Resetting Passwords

Standard reset (single approval)

Open the Users page and find the account.
Click the account row to select it.
In the action panel, disengage the safety lock.
Click Reset password.
In the dialog:
- Enter the new password in both fields, or click Generate to create a random strong password.
- Check Must change password at next logon if you want the user to set their own password on first login (recommended).
Click Reset.

DirWarden sets the password in Active Directory and records the operation in the audit log. The user can log in with the new password immediately.

When an Administrator has configured an approval threshold (e.g. “require approval for password resets”), the flow adds a second confirmation step:

Complete steps 1–6 above. Instead of applying immediately, DirWarden opens a Pending approval dialog.
A second person with Operator or Administrator role must open Settings → Pending approvals, find the request, and click Approve.
Once approved, DirWarden applies the reset and logs both the request and the approval with separate audit entries.

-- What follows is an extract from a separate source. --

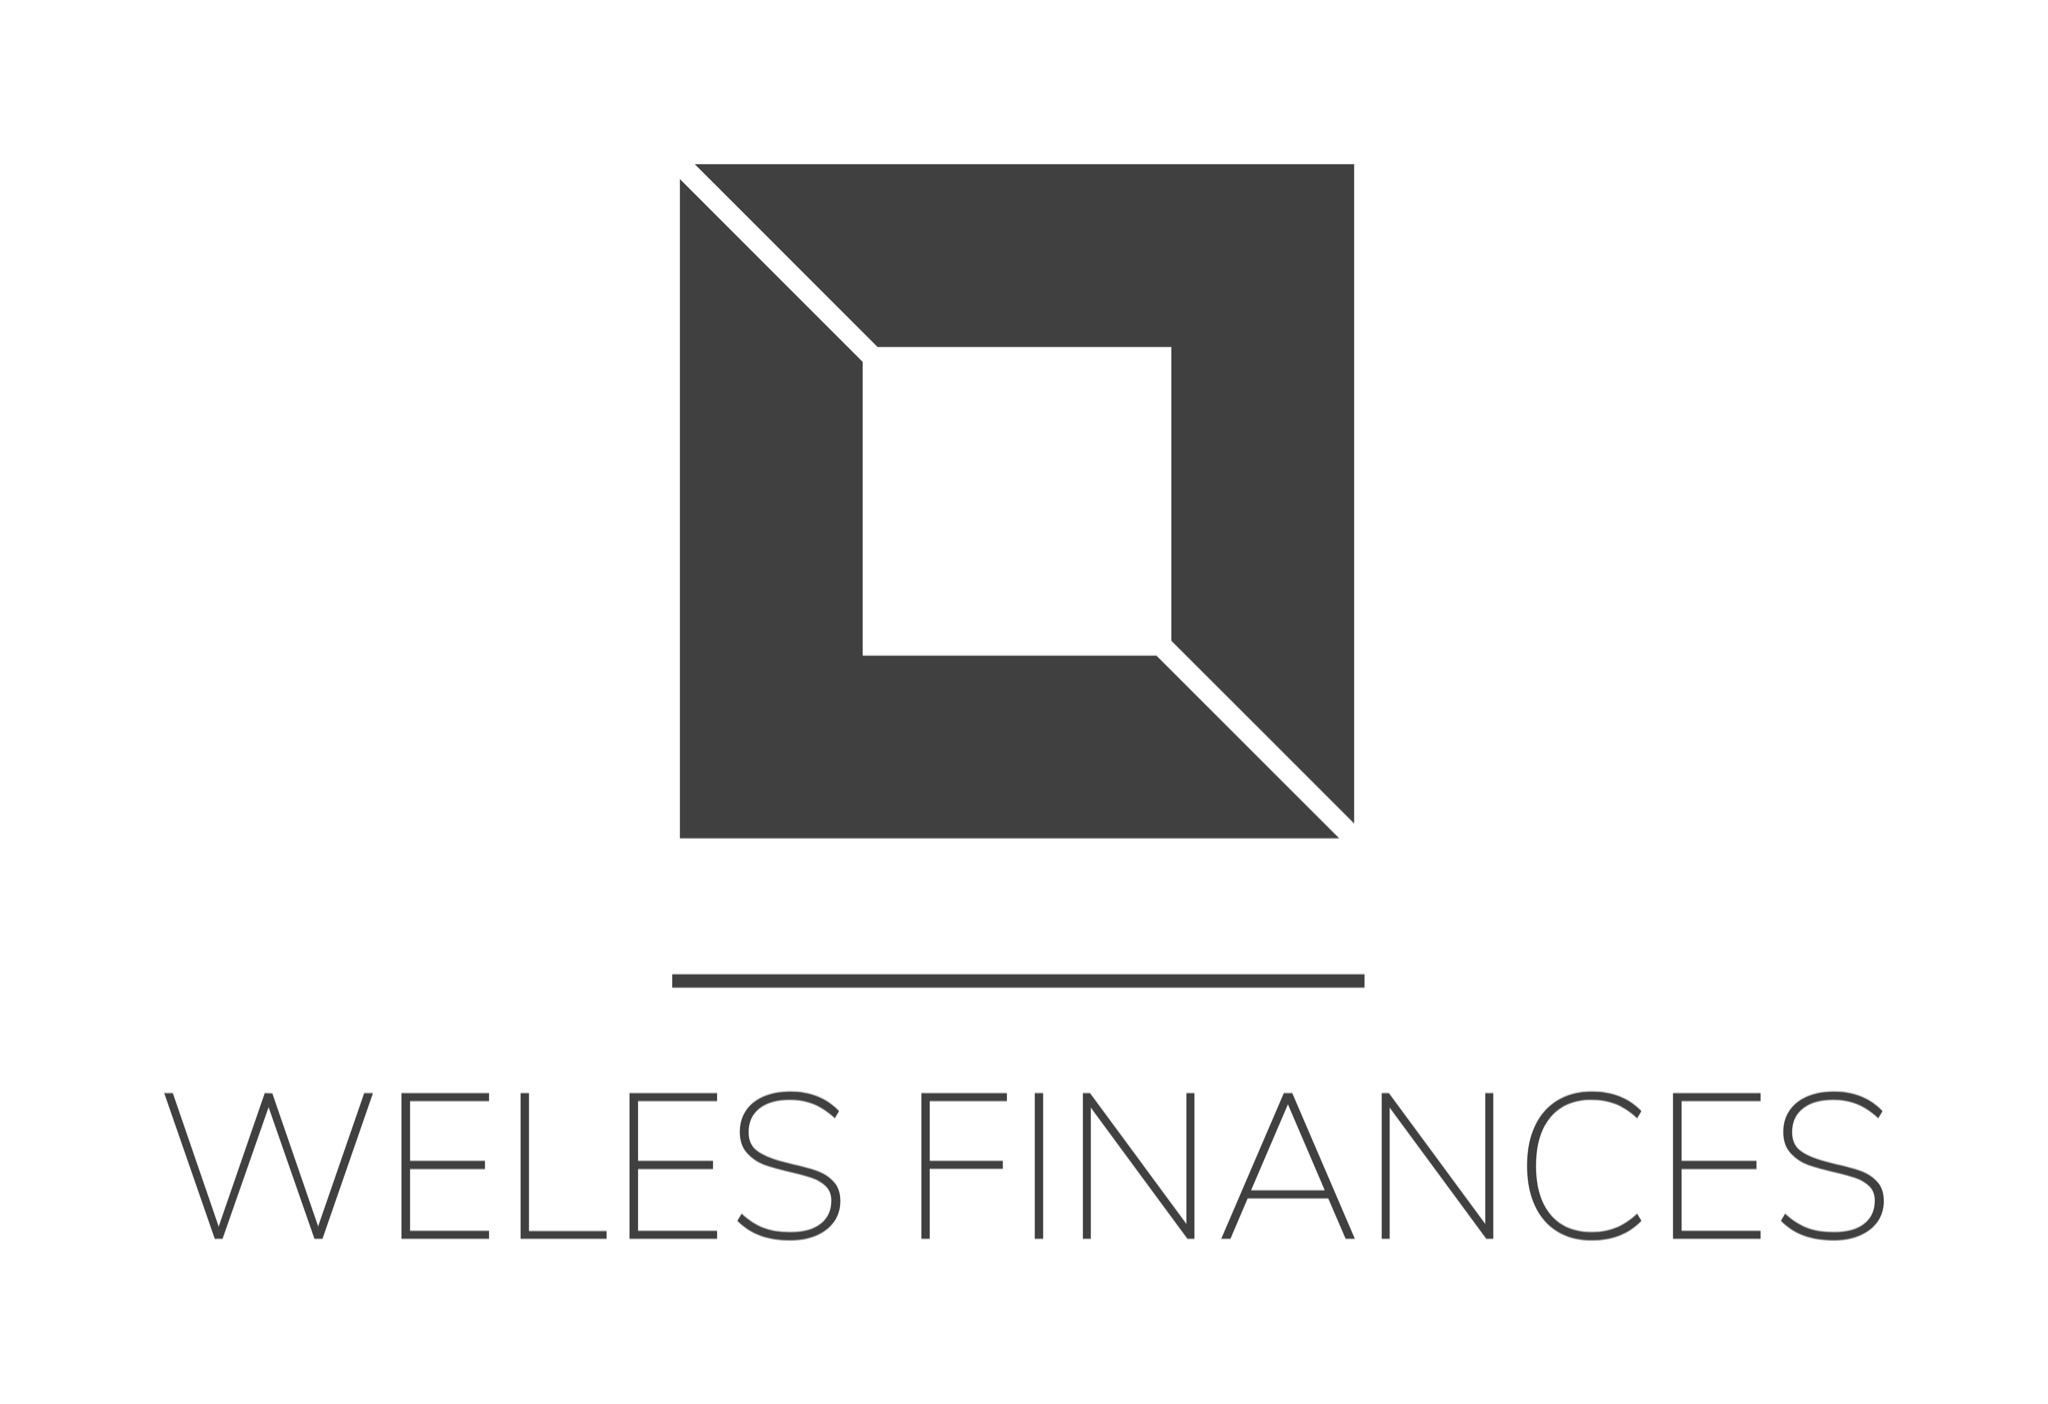 Weles Finance

If no one approves within the configured timeout (default: 30 minutes), the request expires and must be re-submitted.

Option	Effect
Must change at next logon	User is forced to set a new password at their next login. The temporary password you set is one-time use only.
Generate password	Creates a random password meeting the domain password policy (length, complexity).
Manual password	You enter a password. DirWarden validates it against the domain policy before submitting.

Error	Cause
”Password does not meet complexity requirements”	The password you entered does not satisfy the domain password policy. Use Generate or choose a stronger password.
”Access denied”	The AD service account does not have Reset Password permission on the target OU. Ask your Administrator to delegate the right.
”Account not found”	The account was deleted or moved since the user list was last loaded. Refresh the list with F5.